Lack of trust Google DeepMind is not the only top AI firm warning about the risks of the technology it is building. A couple of weeks ago, Anthropic published guidelines for deploying AI agents based on an approach to cybersecurity known as zero trust, which starts with the assumption that a computer system is vulnerable, an agent is an attacker, and a breach will happen. Refael Angel, cofounder and CTO of Akeyless, a cybersecurity firm based in Tel Aviv, agrees that understanding the new risks introduced by agent-based systems is crucial. Every approach to security in the past has assumed that the machine in question was software written by a human, doing fixed things on fixed paths, says Angel: “An agent breaks all of those assumptions. It reasons, it improvises, and it can be hijacked by a single sentence buried in a document it was asked to read.”

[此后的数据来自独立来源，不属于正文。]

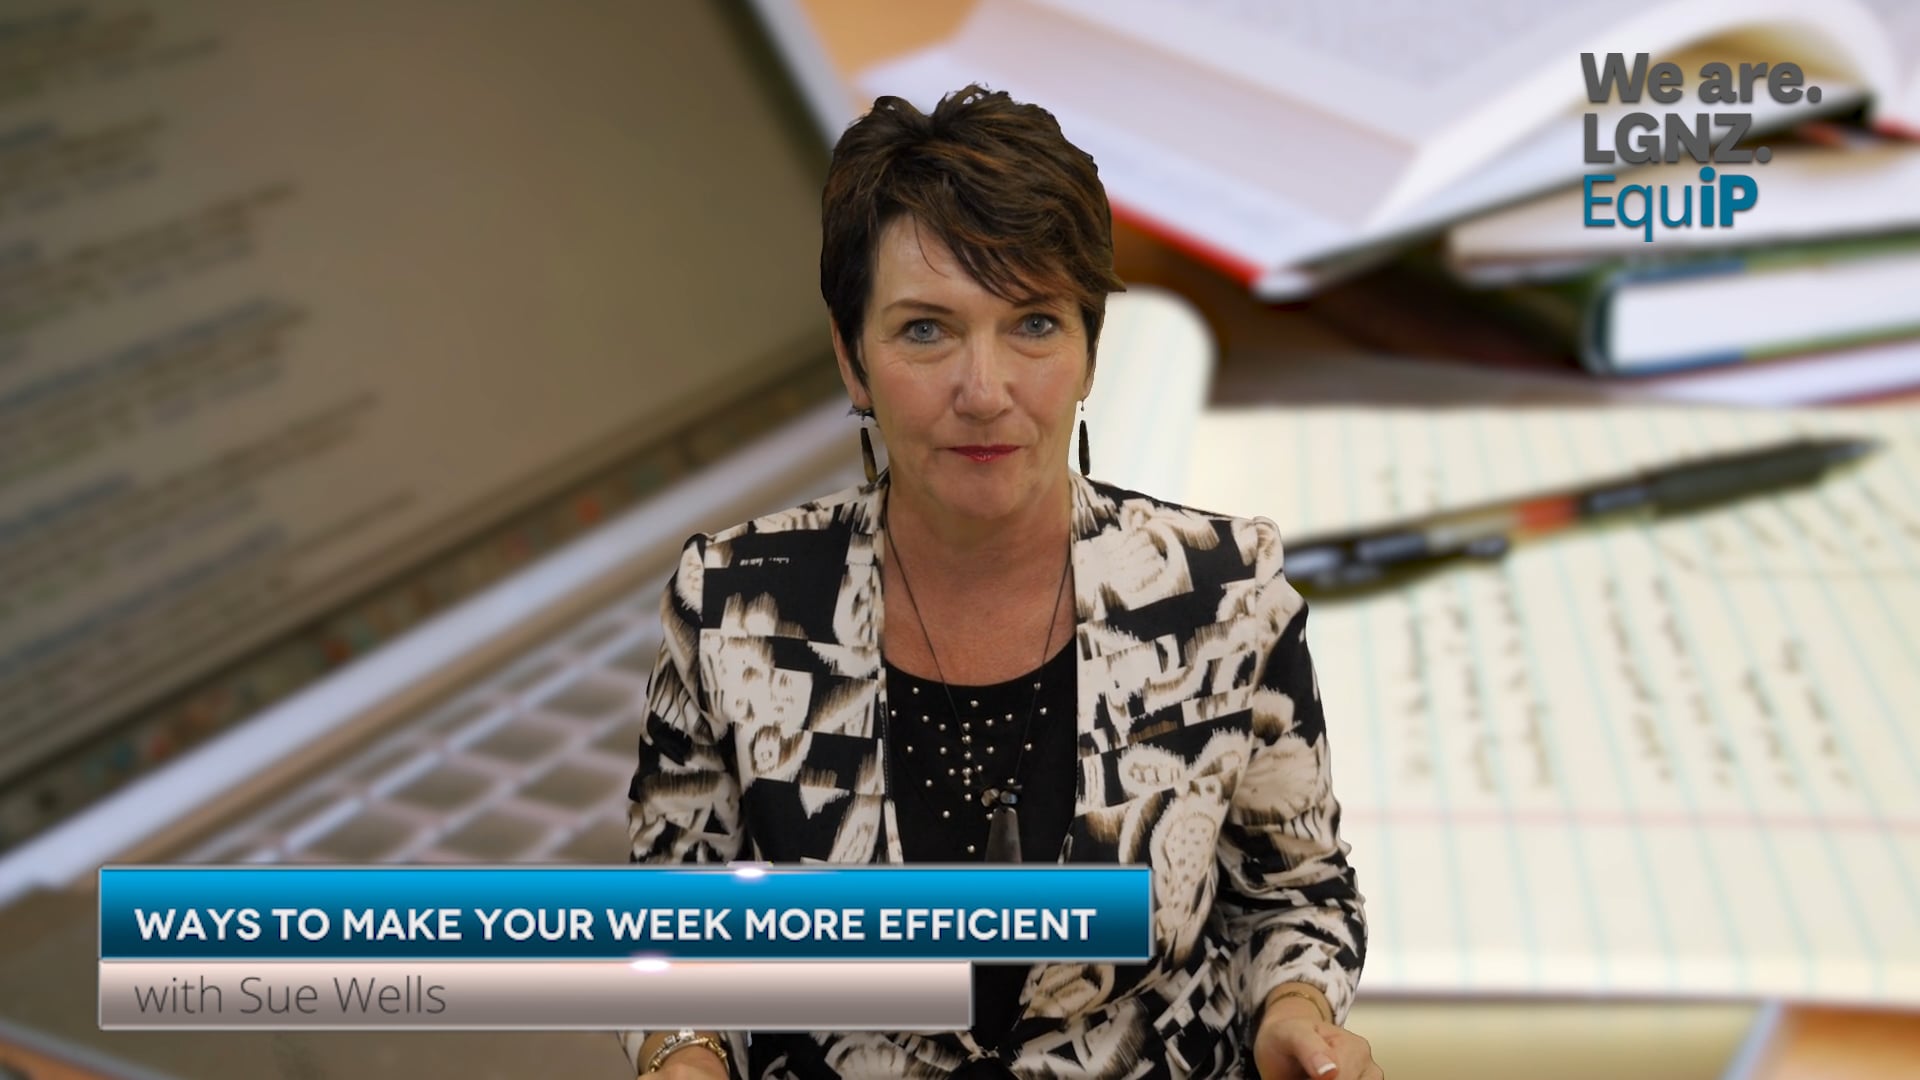 Way to make your week more efficient - with Sue Wells

缺乏信任 Google DeepMind 并不是唯一一家对其所构建技术的风险发出警告的顶级 AI 公司。几周前，Anthropic 发布了部署 AI 智能体的指南，该指南基于一种被称为“零信任”的网络安全方法，其前提是假设计算机系统是脆弱的，智能体是攻击者，且漏洞终将发生。总部位于特拉维夫的网络安全公司 Akeyless 的联合创始人兼 CTO Refael Angel 同意，理解基于智能体的系统所带来的新风险至关重要。Angel 表示，过去所有的安全方法都假设机器是人类编写的软件，在固定的路径上做固定的事情：“而智能体打破了所有这些假设。它会推理、会即兴发挥，并且可能仅仅因为被要求阅读的一份文档中埋藏的一句话而被劫持。”

Angel welcomes this new funding. “No single lab should author the safety standards everyone else has to trust,” he says. But he cautions that safety researchers can overlook boring problems that are already here in favor of more exotic hypothetical ones. And yet, Fox notes, risks that were hypothetical a few years ago are now very real: “The future’s come more quickly than perhaps expected.”

Angel 对这笔新资金表示欢迎。“没有任何一个实验室应该独自制定让所有人必须信任的安全标准，”他说。但他提醒道，安全研究人员可能会为了追求更具异国情调的假设性问题，而忽略了已经存在的枯燥问题。然而，Fox 指出，几年前还是假设性的风险现在已经非常真实了：“未来到来的速度可能比预期的要快。”